Полковник с любопытством посмотрел на свёрток под мышкой у Шкипа:
– Рыба к ужину?
– Покажи ему! – сказал Эдди, и Шкип выложил М1 в обрамлении открытой упаковки на латунный кофейный столик.
Полковник сел, взял ружьё на колени – ровно так же, как несколькими минутами раньше это проделал в машине Шкип, – и стал водить пальцами по изысканной гравировке.
– Фантастически тонкая работа.
Он улыбнулся. Но ни на кого при этом не взглянул. Протянул руку к полу и вручил Шкипу бумажный продуктовый свёрток:
– Меняюсь.
– Нет, спасибо, – ответил Шкип.
– Что в мешке? – поинтересовался Эдди.
– Курьерский пакет от посла, – сказал полковник.
– Ух ты! Как загадочно!
Как всегда, полковник пил из двух бокалов разом. Помахав пустой посудиной, подозвал слугу.
– Себастьян, у вас там что, совсем иссякли запасы «Бушмиллса»?
– Ирландский виски «Бушмиллс» – будет сделано! – объявил юноша.
Питчфорк заметил:
– А слуги, похоже, вас знают.
– Да я здесь вроде бы нечастый гость.
– Думаю, они вас боготворят.
– Может быть, я много даю на чай.
Полковник поднялся и двинулся к ведёрку на буфете, чтобы пальцами добавить льда себе в бокал, да так и застыл там, глядя на поле для гольфа, с видом человека, готового поделиться какой-то мыслью. Все замерли в ожидании, но он только молча отхлебнул из стакана.
Питчфорк спросил:
– Полковник, а вы играете в гольф?
Эдди засмеялся:
– Если вы соблазните нашего полковника выйти на поле, он тут камня на камне не оставит.

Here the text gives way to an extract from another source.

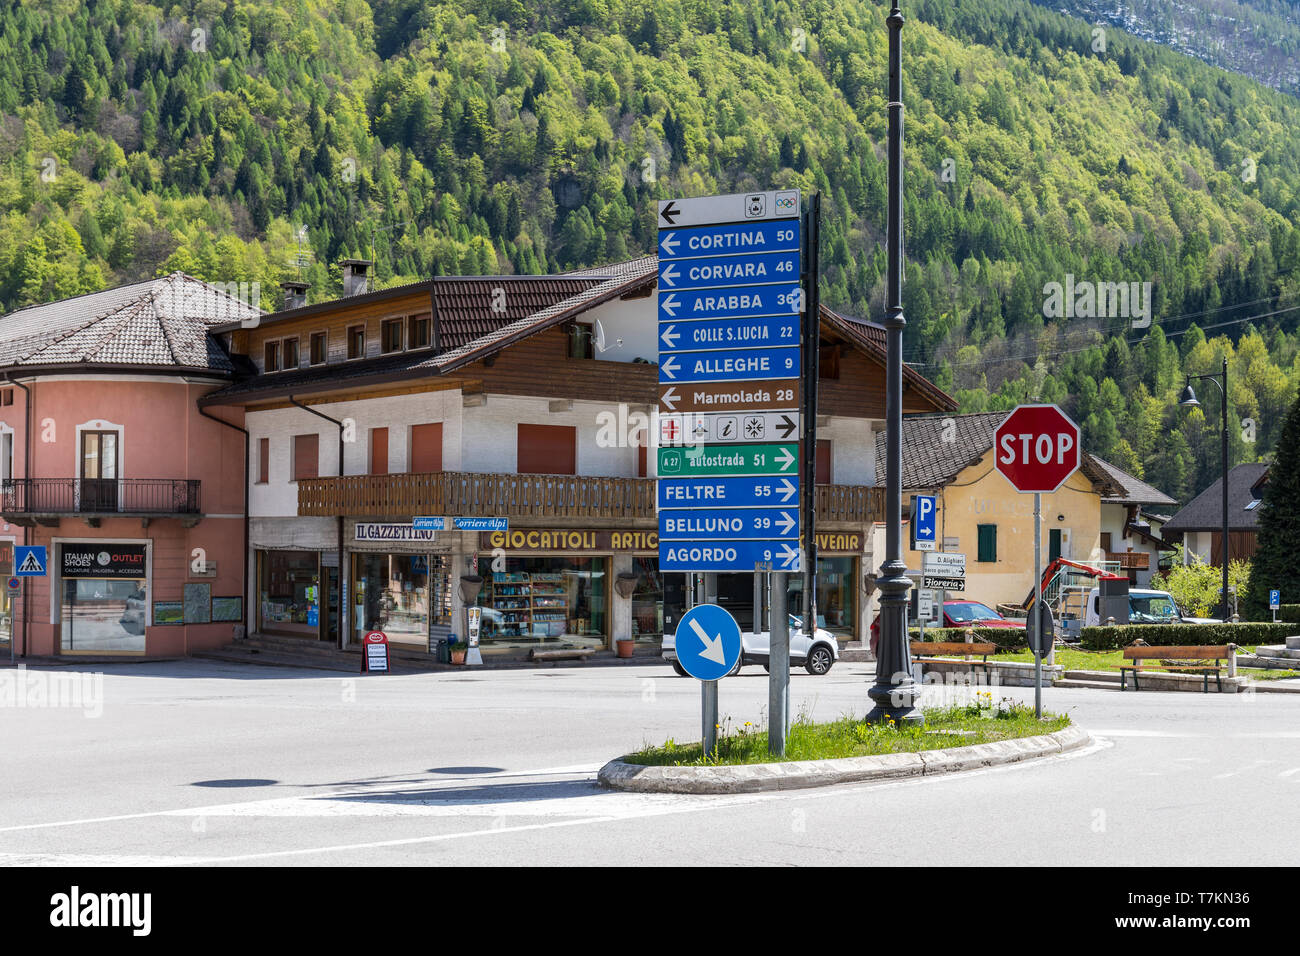 Panneau routier à Cencenighe Agordino donner des directions et distances vers différentes destinations dans les Dolomites, Italie Banque D'Images

– Я стараюсь избегать тропического солнца, – сказал полковник. Он любовно пожирал глазами зад служанки, пока та расставляла на низеньком латунном столике чайный сервиз. Когда все остальные взяли в руки по чашке, он поднял бокал:
–
– За последнего хука! – подхватила вся компания.
Полковник жадно осушил напиток, отдышался и произнёс:
– Да ниспошлют нам небеса достойного противника!
– Вот-вот! – поддакнул Питчфорк.
Шкип отнёс бумажный пакет и великолепное ружьё к себе в номер и уложил оба предмета на кровать, испытывая облегчение от того, что можно было наконец побыть наедине с собой. Горничная открыла комнату на весь день. Шкип со скрежетом закрыл жалюзи и включил кондиционер.
Вывалил на постель содержимое пакета: дюжину баночек резинового клея по восемь унций в каждой. Это была основа его существования.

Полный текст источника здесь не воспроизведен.